Court: Creditors can’t seize IRAs

? The Supreme Court gave bankrupt Americans another layer of financial protection Monday, ruling that creditors cannot seize their Individual Retirement Accounts.

The unanimous decision shields a nest egg relied upon by millions of people.

The justices said IRAs should join pensions, 401(k)s, Social Security and other benefits tied to age, illness or disability that are afforded protection under federal bankruptcy law.

Justice Clarence Thomas, writing for the court, said a bankrupt Arkansas couple was entitled to keep more than $55,000 in retirement savings from creditors. He reasoned that IRAs are benefits tied to a person’s age under the federal statute because a tax penalty is imposed if a person makes withdrawals before age 60.

“That penalty erects a substantial barrier to early withdrawal,” Thomas wrote. “Funds in a typical savings account, by contrast, can be withdrawn without age-based penalty.”

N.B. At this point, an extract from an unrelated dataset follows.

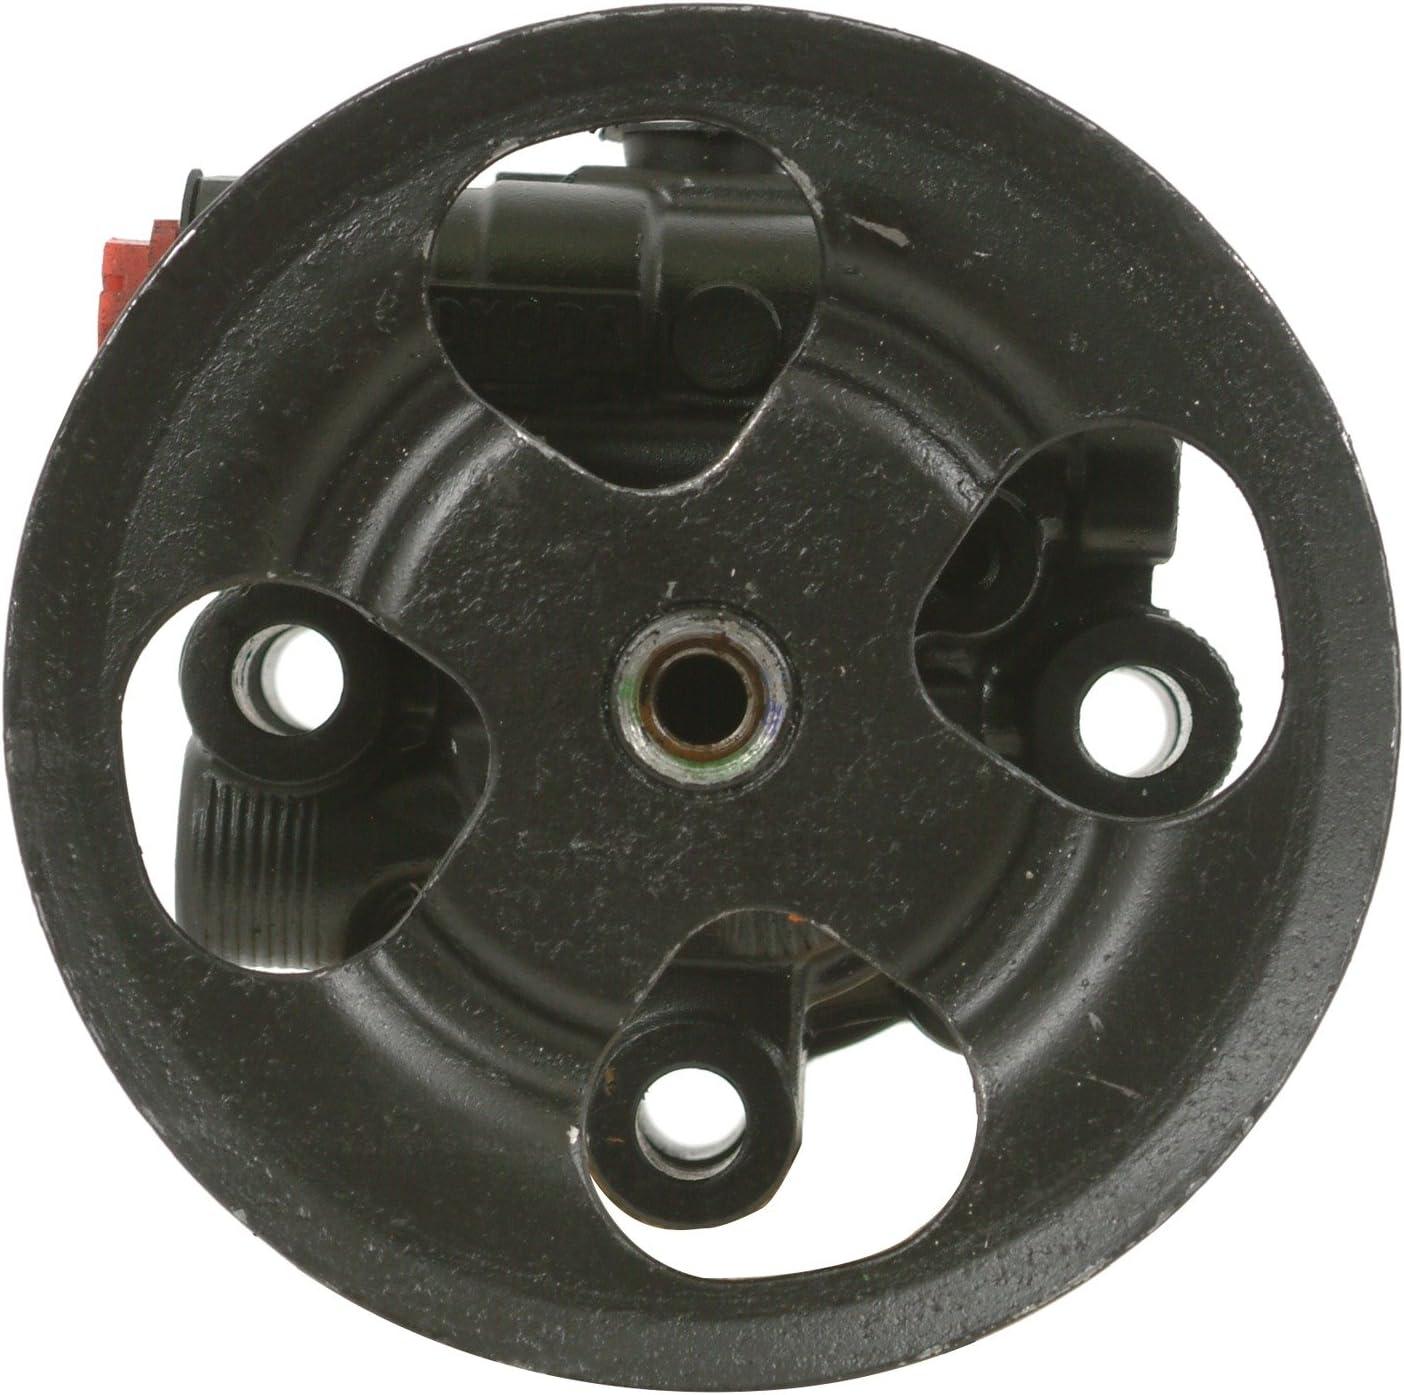 Cardone 21-5351 Remanufactured Import Power Steering Pump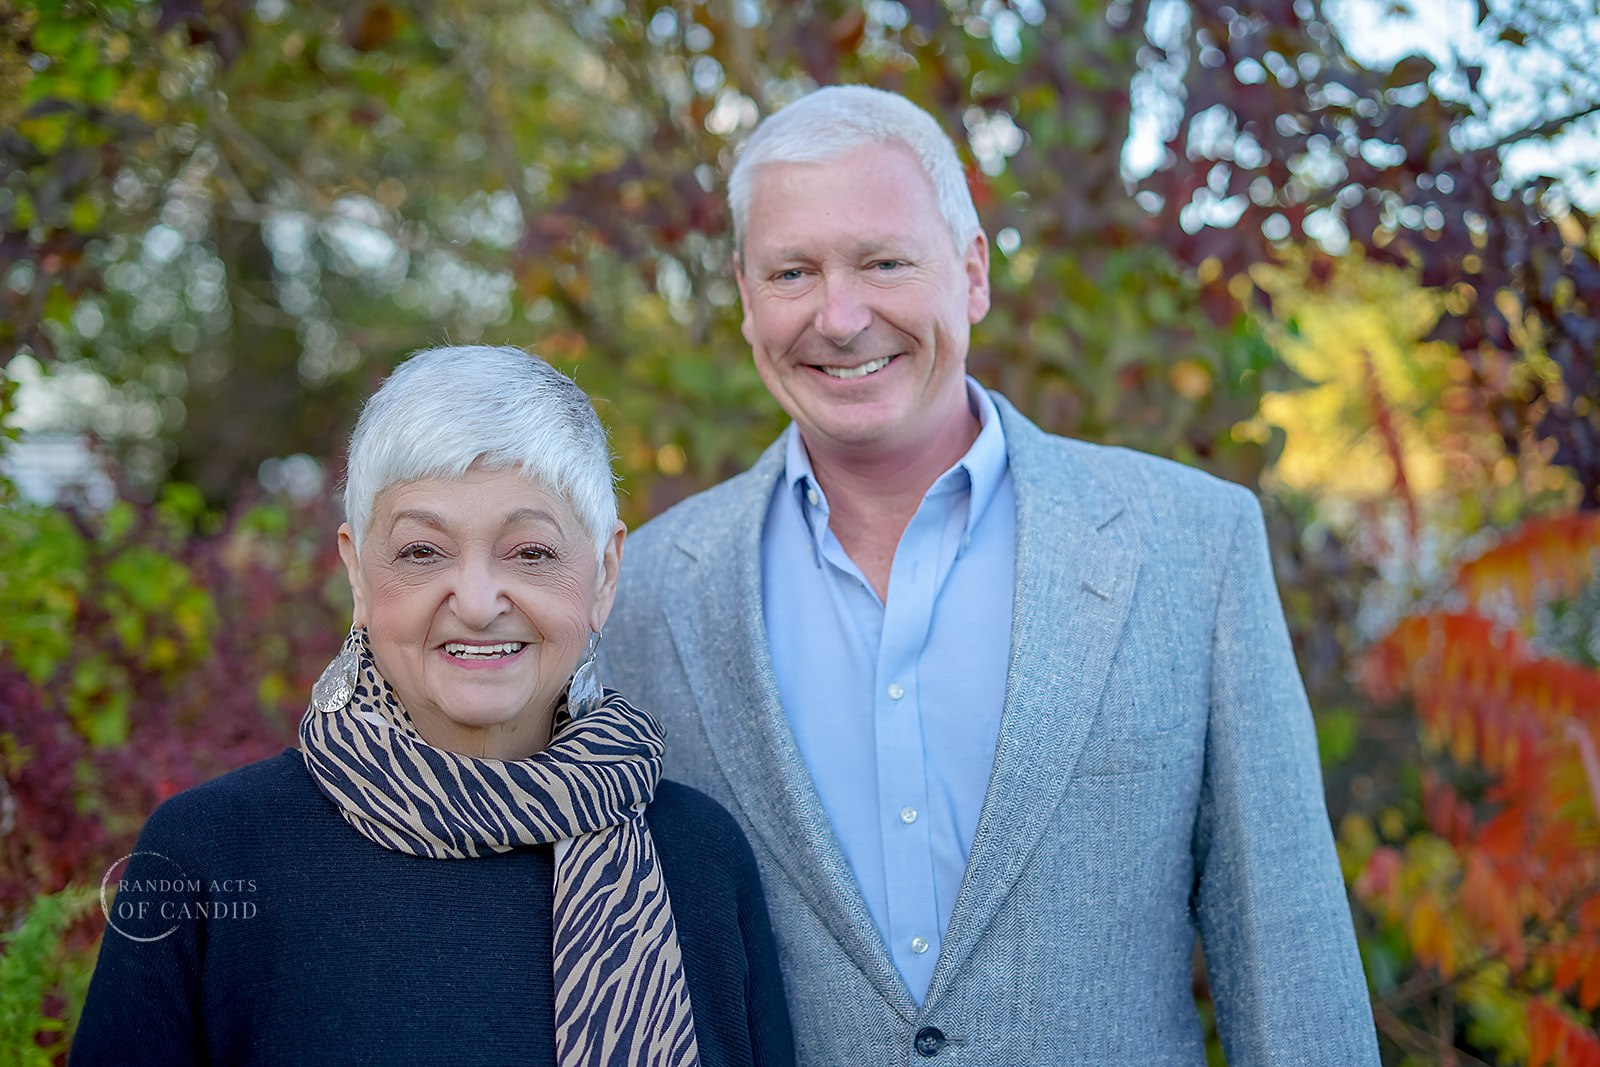 Patti Kemen and Steve Doherty

The ruling affects 16 states and the District of Columbia, which do not have their own state laws protecting IRAs. The remaining 34, including Kansas, have separate state laws.

IRAs let most investors contribute up to $4,000 annually to a fund that grows tax-free until withdrawals. It is the retirement plan typically used by workers between jobs, according to AARP, the advocacy group for people older than 50.